Wir schreiben das Jahr 397 v.Chr an der Ostküste Siziliens Nahe der griechischen Kleinstadt Catana. Etwa 200 karthagische Kriegsschiffe unter dem Admiral Himilko standen 180 Schiffen von Syrakus unter Dionysius I. gegenüber jedoch hatte sein Bruder Leptines das Kommando über die griechische Flotte. Es sollte der Tag werden an dem Karthago den Ruf der gefürchtetsten Navy der Antike erhielt, bis zum Aufstieg der Römischen Republik nach dem 1. Punischen Krieg 241 v.Chr. In einem Umzingelungsmanöver ähnlich wie bei Cannae 216 v.Chr. wurde die syrakusanische Flotte vernichtet. Sie verloren dabei 2/3 ihrer Navy insgesamt etwa 100 Schiffe zusammen mit mehr als 20.000 Griechen starben bei dem Gefecht. Es war die größte Niederlage die eine Griechische Flotte jemals erleiden sollte und sie hatte dazu noch fatale Auswirkungen; Syrakus sollte sich davon nie wieder erholen: Sizilien fiel im Laufe der kommenden Jahrzehnte in die Hände der Karthager mit Ausnahme von Syrakus selbst, die ab 307 v.Chr. zu einem Klientelstaat erklärt wurden und nicht ohne die Erlaubnis der Karthager Krieg führen durften.

Syrakus war für die Karthager schon länger ein Dorn im Auge, denn sie waren zu jener Zeit der mächtigste griechische Stadtstaat der antiken Welt mit der schlagkräftigsten Navy nachdem sie die Etrusker um 474 v.Chr. im Golf von Neapel besiegten und sogar die berüchtigte Flotte der Athener im Peloponnesischen Krieg 60 Jahre später. Sie waren am Höhepunkt ihrer Macht angelangt, ihr Einfluss reichte bis nach Norditalien und Griechenland selbst.
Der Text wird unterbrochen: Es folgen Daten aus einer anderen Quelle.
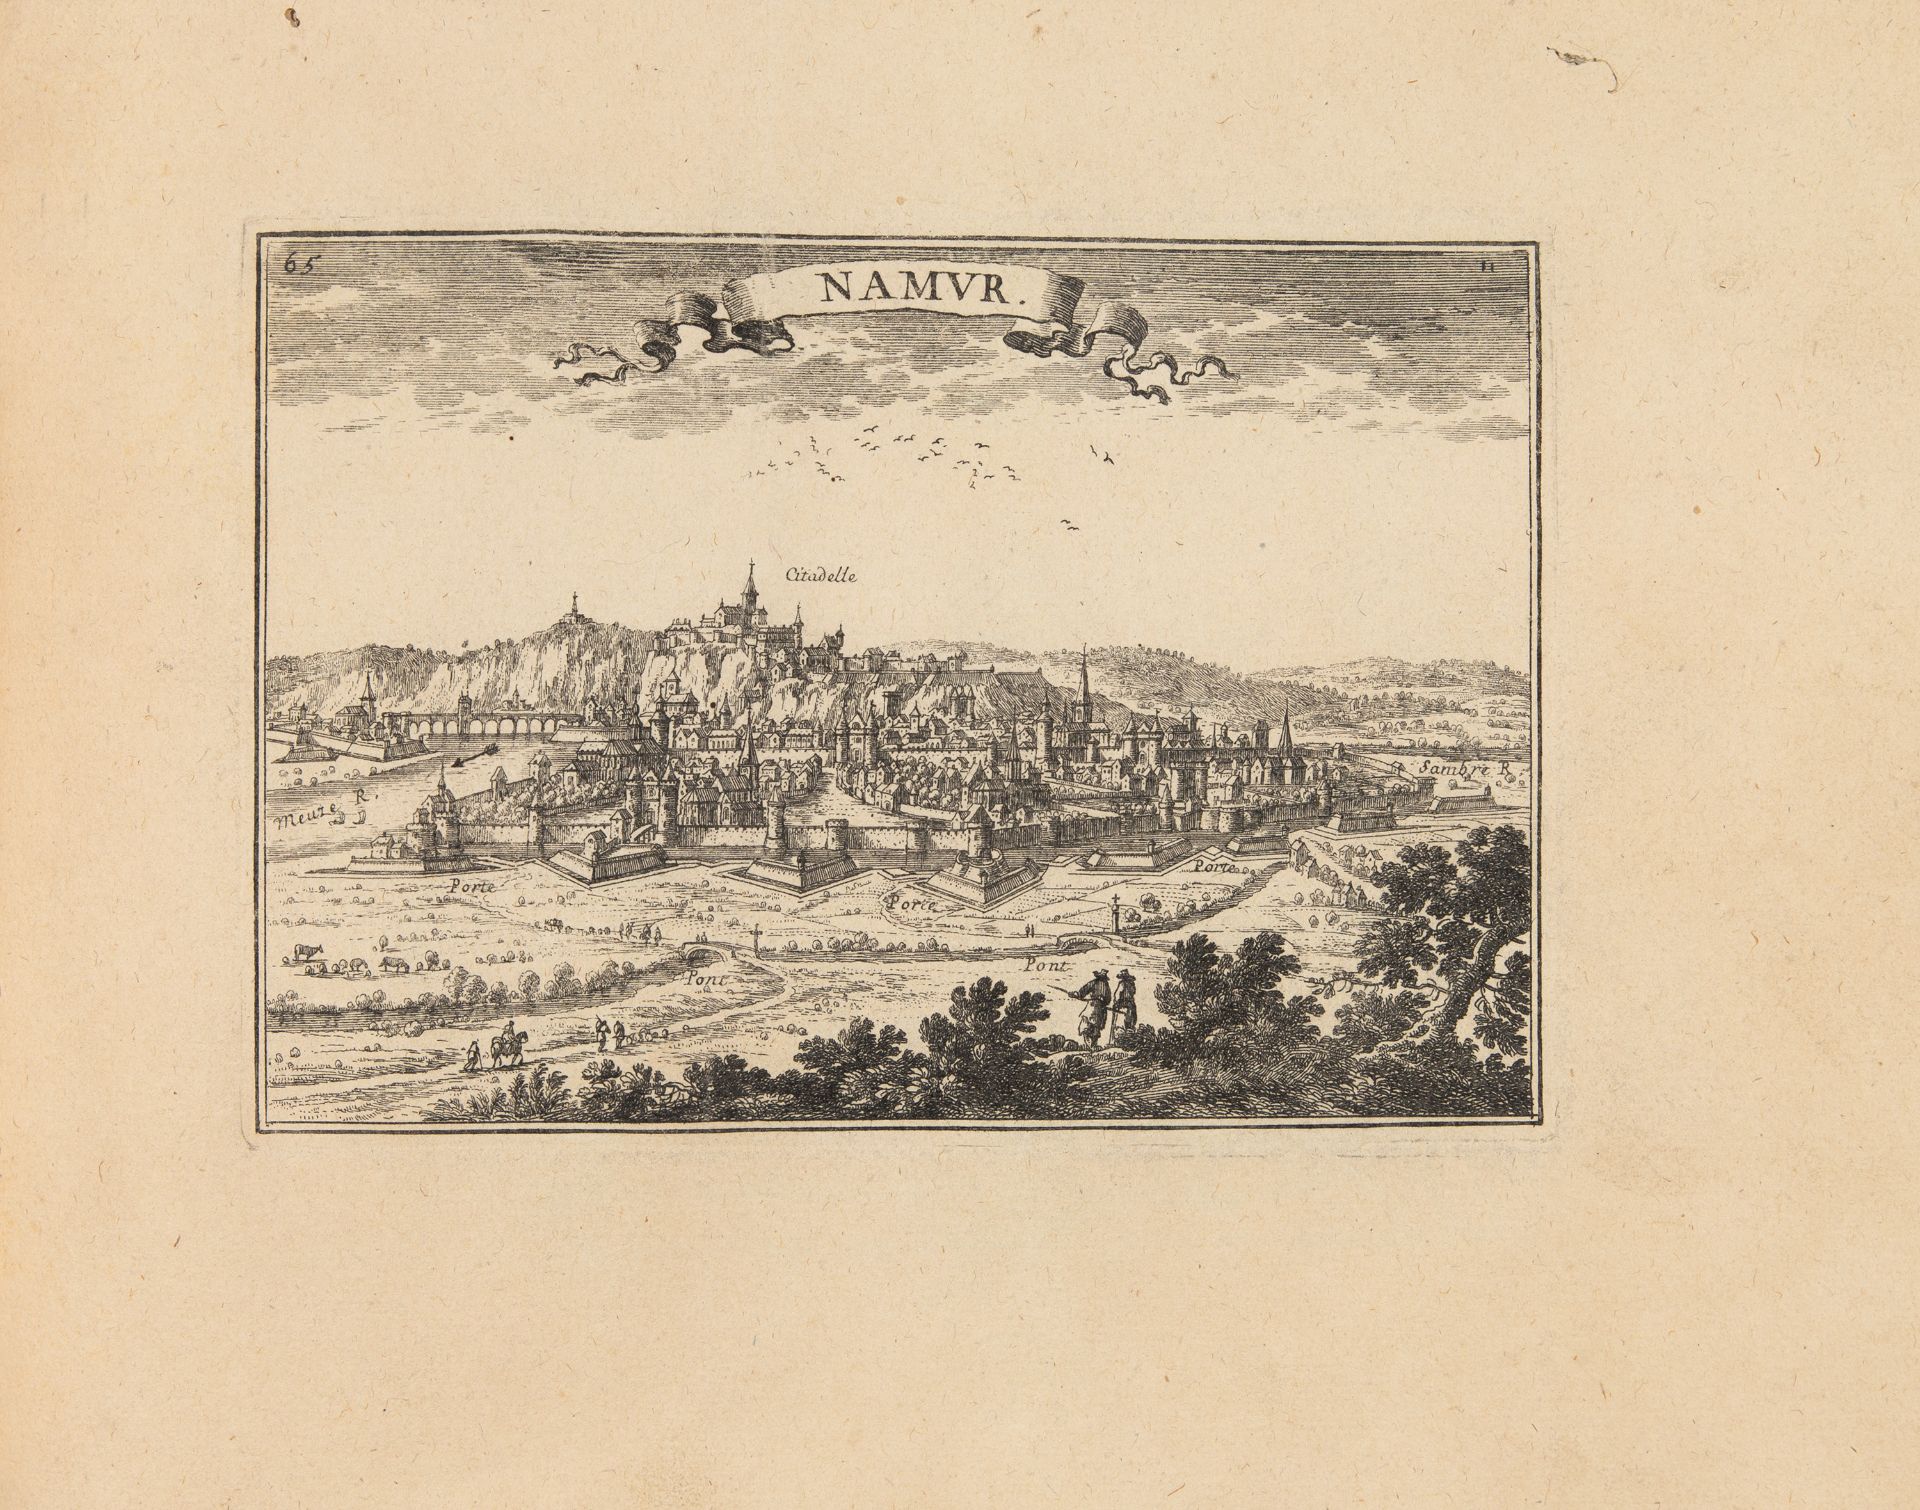 S. de Beaulieu de Pontault, Les plans et profils des principales villes et lieux ... Paris um 1680. - Bild 3 aus 6

Die Syrakusaner hatten einen neuartigen Schiffstyp eigens für den Kampf gegen die Karthager entwickelt:
Die Quinquereme – eine Galeere mit 5 Ruderbänken. Sie war um einiges größer & stabiler als die bekannte Trireme jedoch aber auch viel schwerfälliger auf dem Wasser. Es sollte aber alles nichts nützen.
Die Karthager hingegen setzten auf kleinere leichte schnellere und manövrierfähige Schiffe als Syrakus – die altbewährte Trireme sowie die Quadrireme – ein Schiff mit 4 Ruderbänken – eine Entwicklung der Karthager im Konflikt gegen die Griechen.

Letzteres sollte sich als entscheidend bewähren, denn die schwerfälligen griechischen Schiffe wurden einfach ausmanövriert und versenkt. Der Plan von Syrakus war es mit purer Schiffsmasse das Zentrum der karthagischen Linie zu zermalmen dabei staffelten sie ihre Schiffe eng aneinander – exakt der identische Plan den die Römer in Cannae gegen Hannibal hatten. Jedoch erkannte der karthagische Admiral ihre Absichten und ließ seine agileren Galeeren mit großem Abstand zueinander aufstellen, so dass deren Angriff ins Leere lief und um Raum zum manövrieren zu haben. Ohne die Unterstützung kleinerer Schiffe waren die Syrakusaner den koordinierten Angriffen schutzlos ausgeliefert.